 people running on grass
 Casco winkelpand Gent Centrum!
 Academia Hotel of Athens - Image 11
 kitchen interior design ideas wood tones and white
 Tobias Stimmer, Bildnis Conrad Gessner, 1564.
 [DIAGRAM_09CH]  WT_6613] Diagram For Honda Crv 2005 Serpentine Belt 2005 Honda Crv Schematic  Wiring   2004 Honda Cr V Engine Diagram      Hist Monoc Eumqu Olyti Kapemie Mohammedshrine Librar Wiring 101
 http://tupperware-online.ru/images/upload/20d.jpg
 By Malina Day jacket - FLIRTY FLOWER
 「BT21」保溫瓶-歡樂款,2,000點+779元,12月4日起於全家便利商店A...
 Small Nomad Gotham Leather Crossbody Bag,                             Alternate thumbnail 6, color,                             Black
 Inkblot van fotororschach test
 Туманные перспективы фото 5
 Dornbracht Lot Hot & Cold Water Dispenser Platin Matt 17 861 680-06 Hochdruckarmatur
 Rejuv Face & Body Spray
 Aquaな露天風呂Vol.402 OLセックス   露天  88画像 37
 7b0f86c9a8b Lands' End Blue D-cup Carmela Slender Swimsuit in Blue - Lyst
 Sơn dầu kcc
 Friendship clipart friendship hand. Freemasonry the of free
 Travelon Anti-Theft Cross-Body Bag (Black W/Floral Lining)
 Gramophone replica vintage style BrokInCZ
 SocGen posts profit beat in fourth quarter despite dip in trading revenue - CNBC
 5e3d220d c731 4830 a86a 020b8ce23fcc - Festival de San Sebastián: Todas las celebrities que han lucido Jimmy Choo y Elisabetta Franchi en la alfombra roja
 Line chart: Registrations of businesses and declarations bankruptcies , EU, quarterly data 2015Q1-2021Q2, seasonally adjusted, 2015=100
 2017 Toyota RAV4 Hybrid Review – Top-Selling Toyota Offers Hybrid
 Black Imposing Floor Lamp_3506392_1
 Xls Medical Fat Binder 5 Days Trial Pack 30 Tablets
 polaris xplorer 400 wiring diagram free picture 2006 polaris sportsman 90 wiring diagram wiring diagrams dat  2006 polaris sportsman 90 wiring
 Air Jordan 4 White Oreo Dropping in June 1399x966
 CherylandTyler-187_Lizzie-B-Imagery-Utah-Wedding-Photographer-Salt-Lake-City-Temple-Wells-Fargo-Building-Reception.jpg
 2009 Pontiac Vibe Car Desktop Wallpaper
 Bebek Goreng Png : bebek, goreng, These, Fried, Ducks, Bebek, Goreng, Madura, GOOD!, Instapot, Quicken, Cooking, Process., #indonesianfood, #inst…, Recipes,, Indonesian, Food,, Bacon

• _DIRECTIONS FOR THIS TASK_: Your output should be an exact copy of the lines from the top of the listing above to the line with "Туманные перспективы фото 5", both ends included.

• _WRITTEN RESPONSE_:
 people running on grass
 Casco winkelpand Gent Centrum!
 Academia Hotel of Athens - Image 11
 kitchen interior design ideas wood tones and white
 Tobias Stimmer, Bildnis Conrad Gessner, 1564.
 [DIAGRAM_09CH]  WT_6613] Diagram For Honda Crv 2005 Serpentine Belt 2005 Honda Crv Schematic  Wiring   2004 Honda Cr V Engine Diagram      Hist Monoc Eumqu Olyti Kapemie Mohammedshrine Librar Wiring 101
 http://tupperware-online.ru/images/upload/20d.jpg
 By Malina Day jacket - FLIRTY FLOWER
 「BT21」保溫瓶-歡樂款,2,000點+779元,12月4日起於全家便利商店A...
 Small Nomad Gotham Leather Crossbody Bag,                             Alternate thumbnail 6, color,                             Black
 Inkblot van fotororschach test
 Туманные перспективы фото 5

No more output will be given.